At a time when Jonas Vingegaard is launching his reconquest operation for 2025, with the objective of fighting again on an equal footing with Tadej Pogacar, Christian Prudhomme, the director of the Tour de France, puts forward a plausible argument to explain the domination suffered by the Dane in July 2024.
Last year, Jonas Vingegaard was largely dominated by Tadej Pogacar on the roads of the Tour de France, finishing second more than six minutes behind the Slovenian champion. If the Dane has delivered in recent weeks a very convincing explanation to explain this discrepancy, highlighting a large deficit in muscle mass, and therefore in strength, and therefore ultimately in watts, linked to his long hospitalization following his serious fall in Tour of the Basque Country, Christian Prudhomme for his part delivered a different reading of the events, without it being contradictory.
“When Vingegaard won at Lioran, we saw his retrospective fear emerge”
During an interview given to Eurosportthe boss of the Tour du France has in fact declared, regarding the outrageous domination of Pogacar in 2024: « Did I share the feeling expressed by Bardet that he was sometimes certain at the start of a race that Pogacar was going to win? In the last week of the Tour, yes. But I believed in the Lioran seesaw theory (Pogacar was reviewed by Vingegaard in the final of the stage, and the Dane won, editor’s note). Really. Not just on the finish but on Pogacar’s attack in the Puy Mary and on the fact that in the Col de Perthus, Vingegaard had the ability to come back. And then, then, in the sprint while Pogacar was impregnable a priori in this type of finish. That day, we saw in Vingegaard the retrospective fear when he wins.

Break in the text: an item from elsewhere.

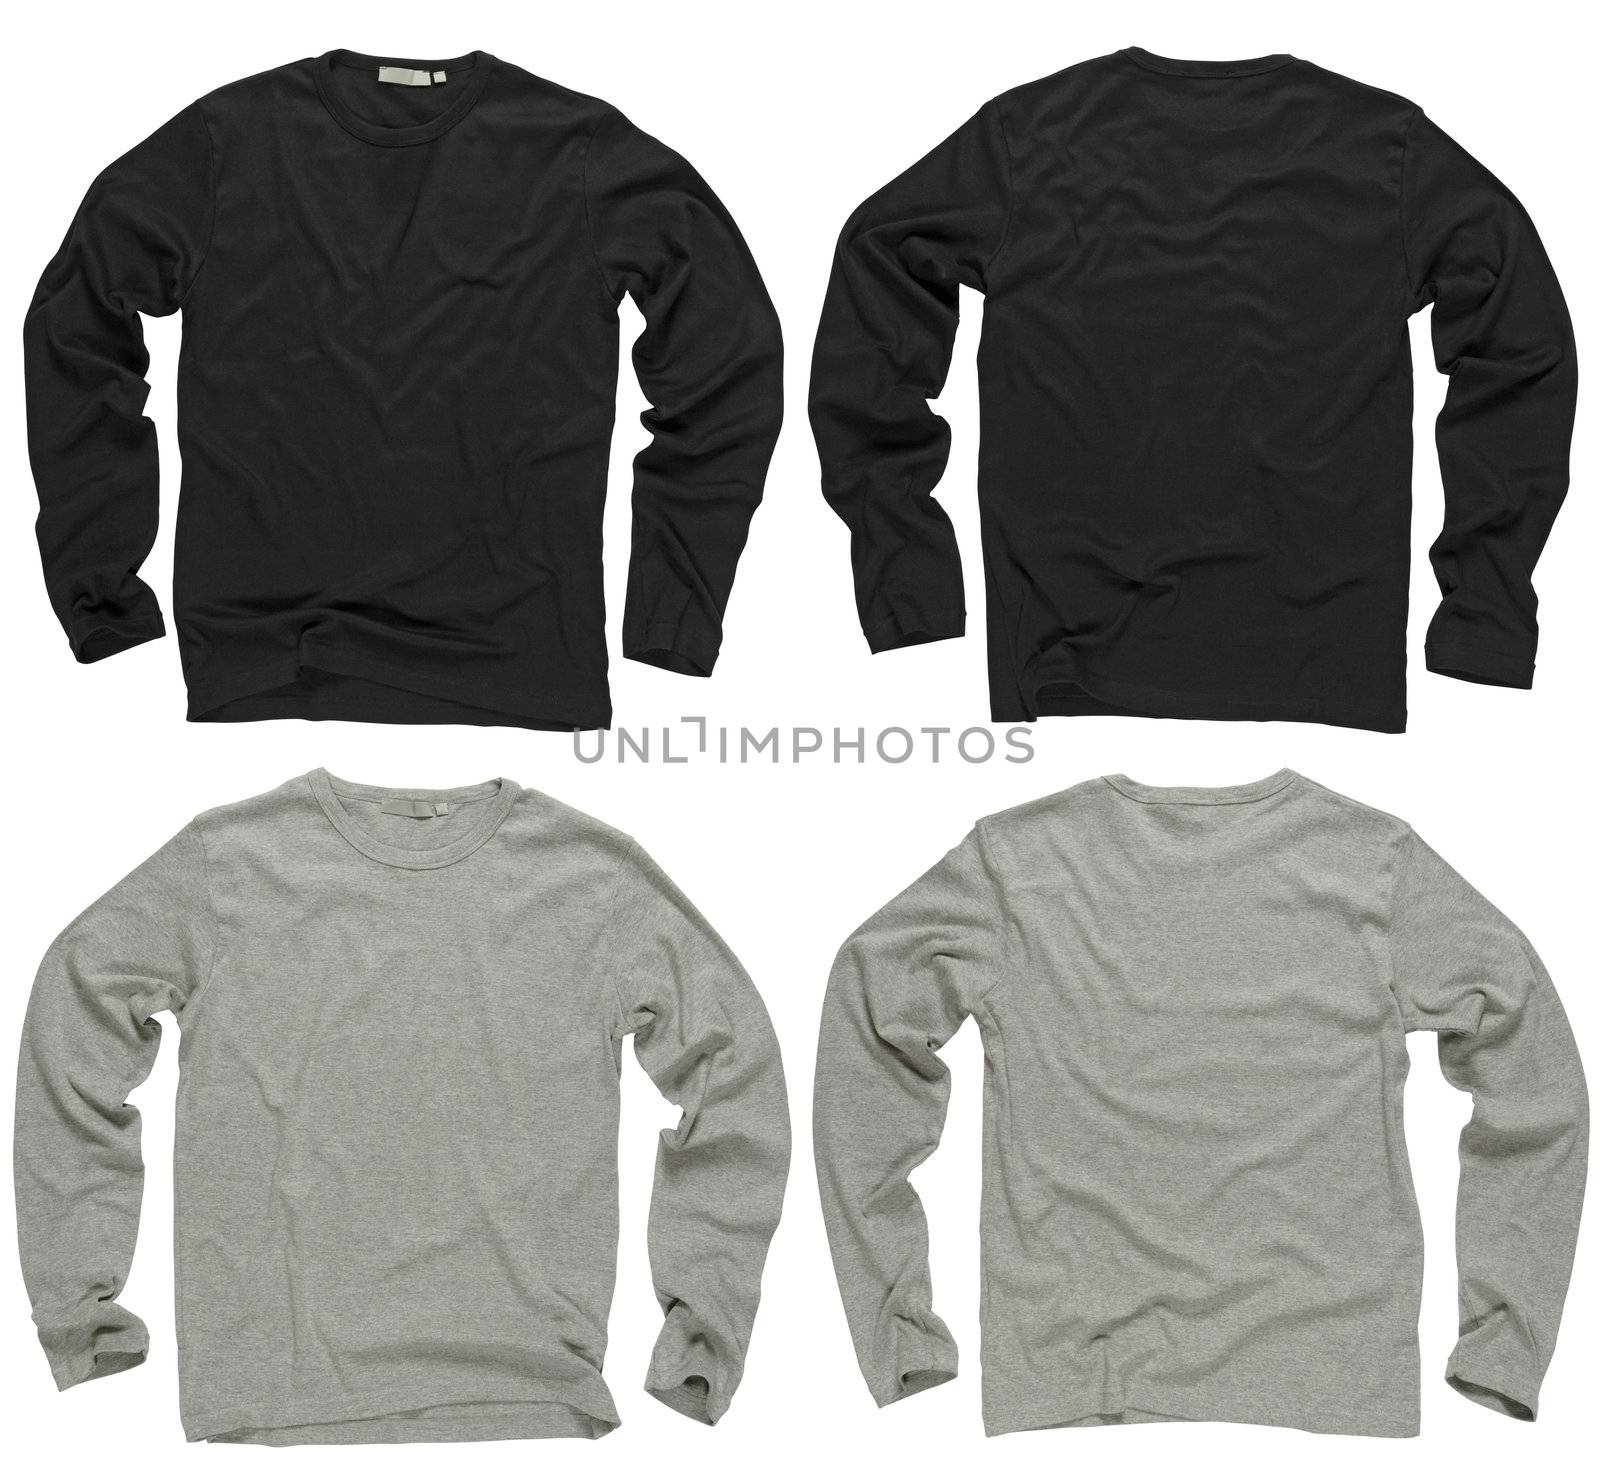 Photograph of two wrinkled blank black and gray long sleeve shirts, fronts and backs.  Clipping path included.  Ready for your design or logo.
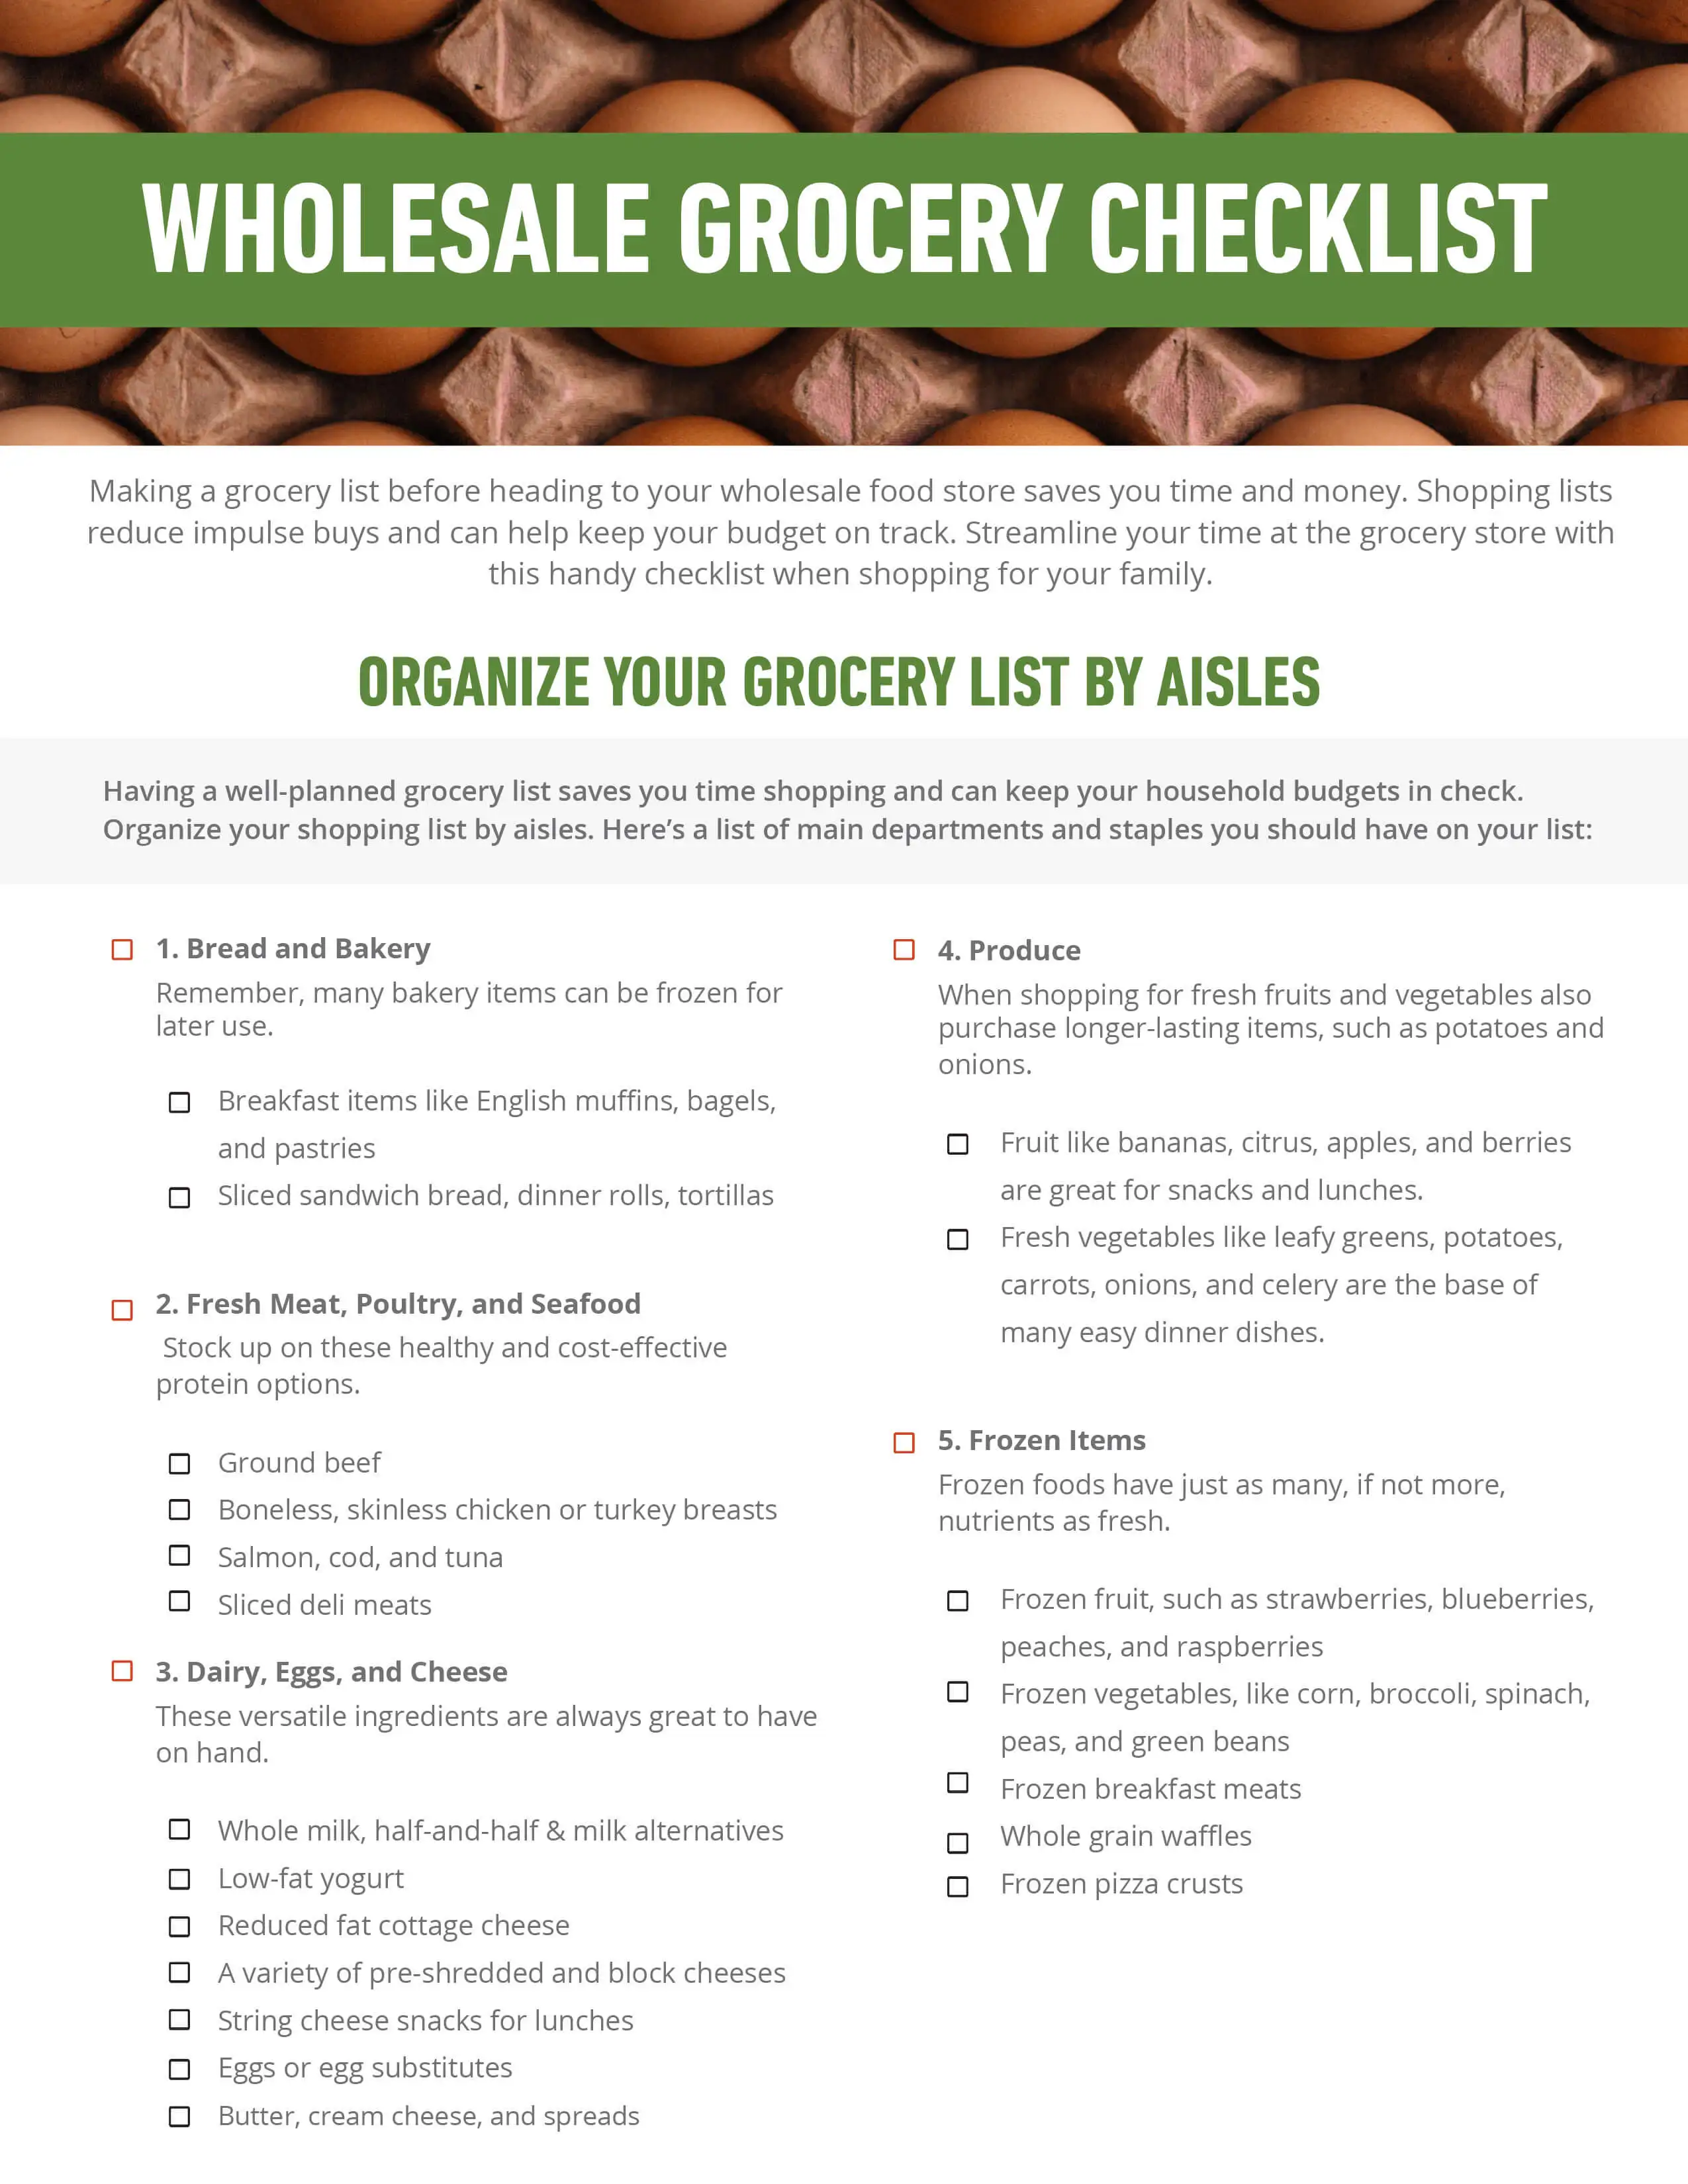 Wholesale Grocery Checklist

It really hit me, he said to himself: “I won the stage but how is that possible?” Saying to himself: “I almost got hurt even more seriously, I came back and I won.” I wonder, while I analyzed him like a seesaw, if on the contrary he had not already in a certain way finished his Tour de France ».
A psychological argument that can be understood
The psychological argument put forward by Prudhomme appears relevant, because it is obvious that by dominating that day Pogacarafter all the efforts made to come back following his terrible fall at the beginning of April, Jonas Vingegaard could more or less consciously release the feeling of having fulfilled his objective and let go of some mental ballast. An element that he will have to use to get the knife between his teeth back in 2025.